# Herro Bwistow....



## greenthumb77 (May 6, 2008)

I think we needs a new thread as nothin seems to be happnin at mo, give us summut to chat about peepz, I am bored shitless at work today....


----------



## mattysthebest (May 6, 2008)

what are you up to this weekend mate any thing interesrting or not


----------



## greenthumb77 (May 6, 2008)

Not a great deal my friend except for getting high as per usual, and you?


----------



## mattysthebest (May 6, 2008)

preety much the same thing mate


----------



## greenthumb77 (May 6, 2008)

So dude, what exactly are you the best at?


----------



## mattysthebest (May 6, 2008)

everything mate


----------



## greenthumb77 (May 6, 2008)

So, why are you sat next to me in this shitty place doing the same shitty work as myself?


----------



## mattysthebest (May 6, 2008)

alright good one got me there mate


----------



## gentlegreen (May 6, 2008)

I was going to say Bristol's a small place .... Bombscare and Fizzer live in the same house and post messages to each other ....


----------



## greenthumb77 (May 6, 2008)

Where are you sat dude?


----------



## electrogirl (May 6, 2008)

hello there. i am here. in bristol. that is all.


----------



## gentlegreen (May 6, 2008)

I'm probably on the next floor ...


----------



## greenthumb77 (May 6, 2008)

Hello Electrogirl, now that is a kool name, where to in Brizzle are thee my lurve?


----------



## electrogirl (May 7, 2008)

greenthumb77 said:


> Hello Electrogirl, now that is a kool name, where to in Brizzle are thee my lurve?



well at the moment i am at work and i can see lovely temple meads from my window.

otherwise i frequent southville aka lower clifton

and thou?


----------



## greenthumb77 (May 7, 2008)

Mornin Electogirl, well, I have a view of the Axa building over in Filton as I work opposite UWE. But, I can be found hanging with the kids in da club or even taking a nice long stroll with my pet pig over in Warmley on an evening


----------



## mattysthebest (May 7, 2008)

what is your pet pigs name greenthumb77?


----------



## strung out (May 7, 2008)

i'm in henbury atm on my day off... but i work in clifton normally!


----------



## greenthumb77 (May 7, 2008)

No dude, my pets name is Pigz, and she is a staffie in a pigs body...

Hi Strung out, hows it going over in henbury?


----------



## strung out (May 7, 2008)

quite sunny atm, i might venture out and get me hair cut in town later, go for a few drinks, enjoy the weather an' all that. drink through the weekend comedown maybe...


----------



## greenthumb77 (May 7, 2008)

So dude, why are you not working today, like the rest of us robots...


----------



## strung out (May 7, 2008)

i work alternate 4 day weeks and 6 day weeks. this is my 4 day week (with an extra day off for bank holiday!)


----------



## greenthumb77 (May 7, 2008)

You lucky bugger got any jobs going at your place then, lol...


----------



## strung out (May 7, 2008)

welli leave on thursday of next week so you can have my job! shit wages though


----------



## greenthumb77 (May 7, 2008)

What is it that you do?


----------



## strung out (May 7, 2008)

sell furniture to rich cunts for £5.80 an hour


----------



## greenthumb77 (May 7, 2008)

I cant stand rich cunts.

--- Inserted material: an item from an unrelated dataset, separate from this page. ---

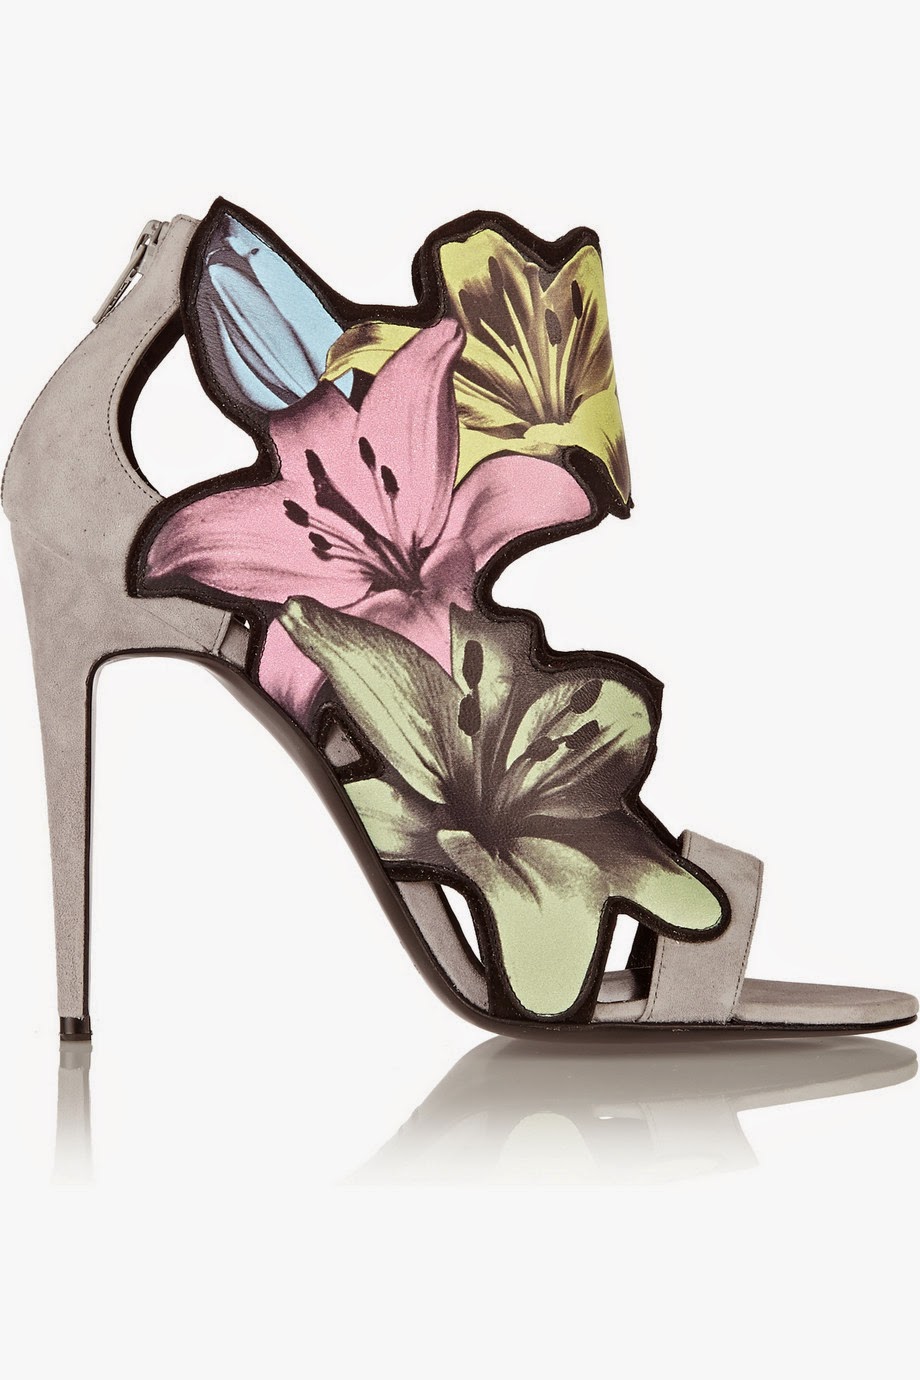 PIERRE HARDY Grey suede flower appliqué sandals
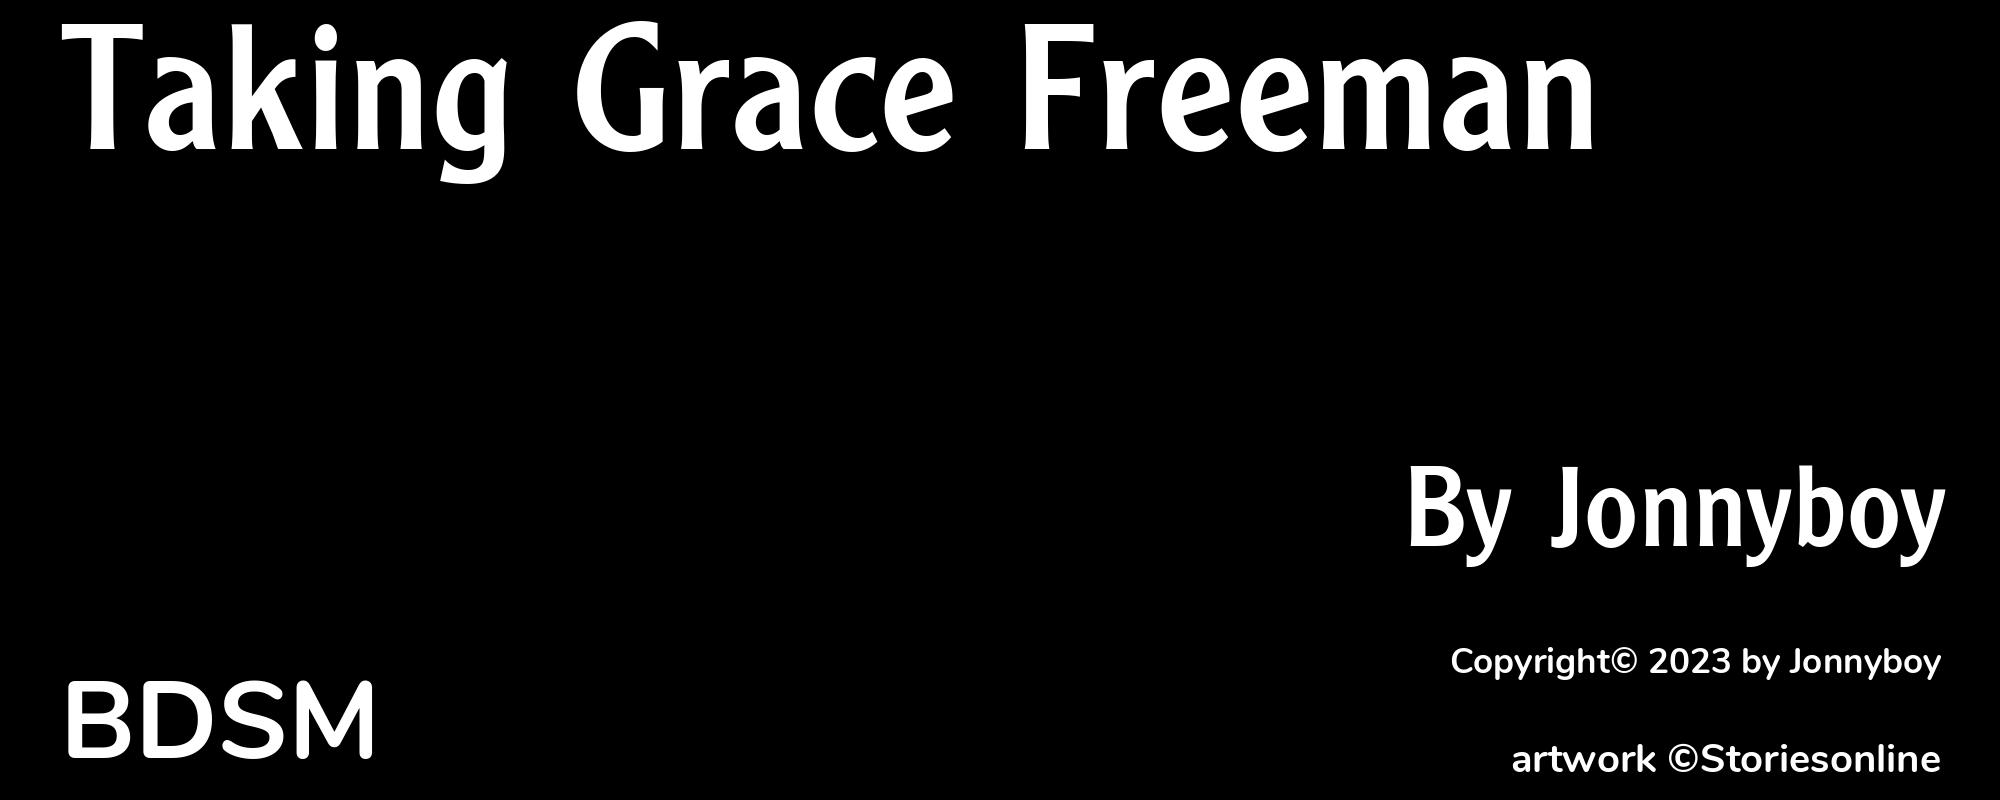 Taking Grace Freeman - Cover

I now understand why you are leaving. I work in a shitty contact centre for 7 squid an hour if you fancy it?


----------



## strung out (May 7, 2008)

its ok, i just got a new job in an organic food shop for £8 an hour starting next week!


----------



## greenthumb77 (May 7, 2008)

Fair play, I wish you well, but you do realise that the rich cunts you are trying to escape from usually purchase these products, lol


----------



## electrogirl (May 7, 2008)

strung_out said:


> its ok, i just got a new job in an organic food shop for £8 an hour starting next week!



wowsas. that's alot! is it fresh and wild?


----------



## greenthumb77 (May 7, 2008)

Fresh and wild, thats me that is


----------



## electrogirl (May 7, 2008)

fresh and wild is great cos you can go in and eat all the free testers and then leave.



yeah! me 1, capitalism nil! yeah!


----------



## greenthumb77 (May 7, 2008)

Directions please


----------



## strung out (May 7, 2008)

haha, yeah, i'll still be serving the rich cunts but at least i'll be getting £8 an hour for it! and yup, it's fresh n wild


----------



## electrogirl (May 7, 2008)

strung_out said:


> haha, yeah, i'll still be serving the rich cunts but at least i'll be getting £8 an hour for it! and yup, it's fresh n wild



oh man. the triangle is just a haven for good lunches. rocotillos, gustos, fresh adn wild, and the best of them all,

MAGIC ROLL. now i want a magic roll.


----------



## greenthumb77 (May 7, 2008)

Whats in a magic roll?


----------



## electrogirl (May 7, 2008)

greenthumb77 said:


> Whats in a magic roll?



magic rolls are amazing. you can have whatever you want and they are in flatbread which is then toasted.

the other day i had marinated chicken, with houmus, sweet chilli sauce, salad, cheese and roasted vegetables.

oh god. i'm hungry now.


there's one on the triangle and redcliffe street.


----------



## greenthumb77 (May 7, 2008)

Ah man, I am also hungry now, not on luch till 1.45 though.

Are you rich?


----------



## electrogirl (May 7, 2008)

greenthumb77 said:


> Ah man, I am also hungry now, not on luch till 1.45 though.
> 
> Are you rich?



well my wallet is too small for these fifties.


----------



## greenthumb77 (May 7, 2008)

what the 50 pence pieces?


----------



## electrogirl (May 7, 2008)

greenthumb77 said:


> what the 50 pence pieces?



you found me out


----------



## greenthumb77 (May 7, 2008)

LOL< Great minds eh.


----------